In Atkinson’s opinion, the campaigns which Alexander had in mind in June 323 BC included conquering Arabia, Carthage and the entire Mediterranean coast, and these had become a bridge Alexander’s officers were not willing to cross. After their mutiny back east, Atkinson argues, these men now felt that only death could prevent them from taking the West. Even considering the idea of Alexander being treated as a pariah by his own people, Atkinson rejects the idea of his being poisoned, apparently due to the symptoms.

His verdict is something closer to euthanasia: After the king fell ill, his inner circle pushed him toward death with ‘mind games’, as mentioned in the title of his book. “Those in Alexander’s court had the opportunity to influence his mind and weaken his will to survive,” Atkinson wrote. “Perhaps he had reached the point where he believed the only thing heroic left for him to do was to die.”

So What We Have Learnt & What We Can Assume

And so, the debate continues with new theories leading to even more obscure mysteries and raising increasingly difficult questions. Ironically, the net result of recent speculations was an even greater uncertainty than ever before, reaching far beyond the dichotomy between the long-lasting scenarios of death by disease or poisoning. Mayor and Hayes raise the possibility that Alexander died of an illness, but he was murdered nonetheless. John Grieve suspected that he was poisoned, but by accident. Atkinson says that Alexander’s death was not entirely criminal or completely natural, but something in the middle. If the body of Alexander’s embalmed body were found – and some researchers continue in their quest – we could finally find out what caused his death, but his remains disappeared the third or fourth century, even though it had had been previously displayed in a sumptuous monument in Alexandria. Meanwhile, researchers will continue to question the records left by Plutarch, Arrian, Diodorus, Justin and Curtius Quintus.

Unfortunately, the combined existing texts are sufficiently large to allow multiple ways to connect the dots. In the absence of his physical remains and any written testimony, the ambiguous load of evidence concerning Alexander falls heavily on circumstantial evidence and presents a serious challenge to all conspiracy theorists.
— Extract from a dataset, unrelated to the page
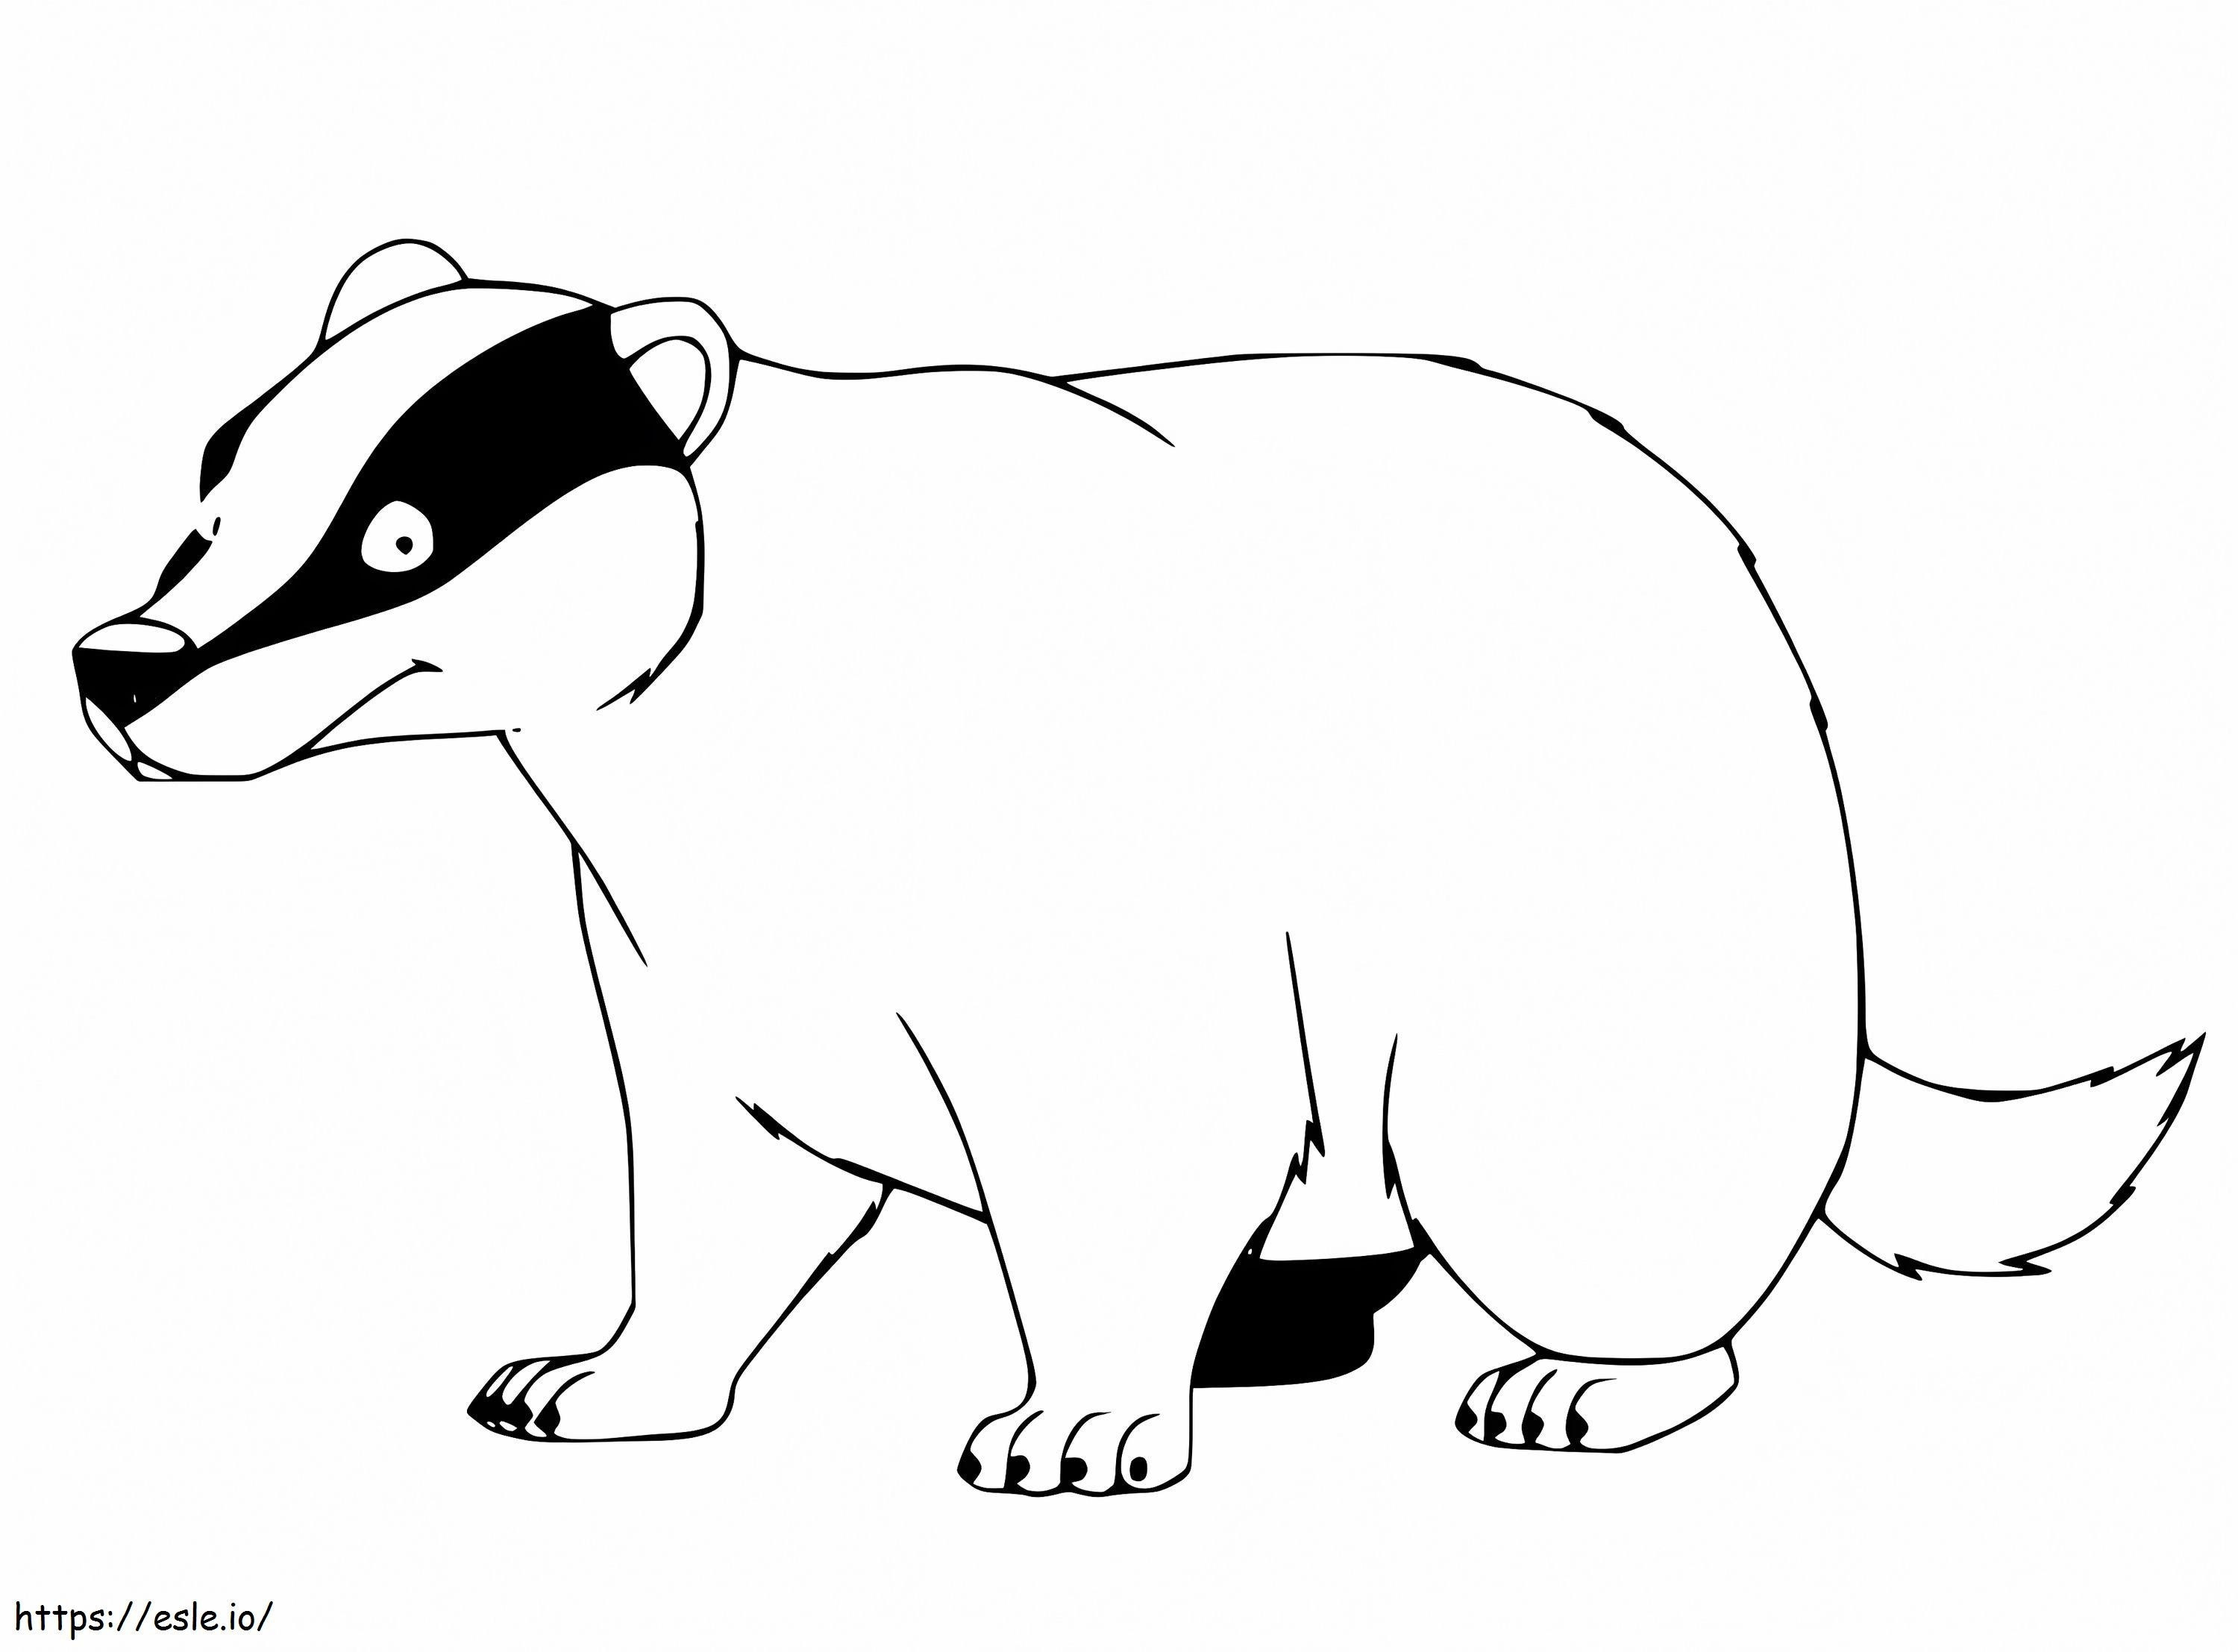 Fun Badger coloring page

The opponents of such theories have long point out that Alexander himself, during the 10 or 12 days he slowly slid toward death, never gave any indication that he suspected foul play, and he had become quite an expert at sniffing out and punishing traitors in his final years. He never would have accepted his death so easily (as the Oliver Stone’s movie seems to imply), nor would his enemies would remain so for a long time if they had acted against him. A slow decline would allow him time to order their executions.

To say that Alexander was poisoned, it would be necessary to admit the job had been badly executed. The same could be said about what followed his death. The chaos and the collapse of his kingdom in the following decades do not seem to be the result of a planned assassination. If the generals’ goal was “to go home and spend their money”, as Oliver Stone said in his interview at Berkeley, they failed miserably. None of them ever returned to Macedonia and Ptolemy failed to find peace or security. Many of the others continued fighting and killing each other. Given that Alexandre aimed at having some stability in his world, they had no reason to expect anything different in June 323 BC. Any plan to poison Alexander meant too many dangers, especially for the Macedonians warriors who had no experience with toxins.

Conspiracy theorists must assume that Alexander’s generals hated their commander enough to risk losing everything. It is easier to see them as they were than how some want to portray them: A dedicated group of elite officers whose fortunes depended on to their king’s survival and success. Thus it is easier, in the end, to believe that Alexander died naturally because of some disease in spite of recent and ingenious to prove otherwise.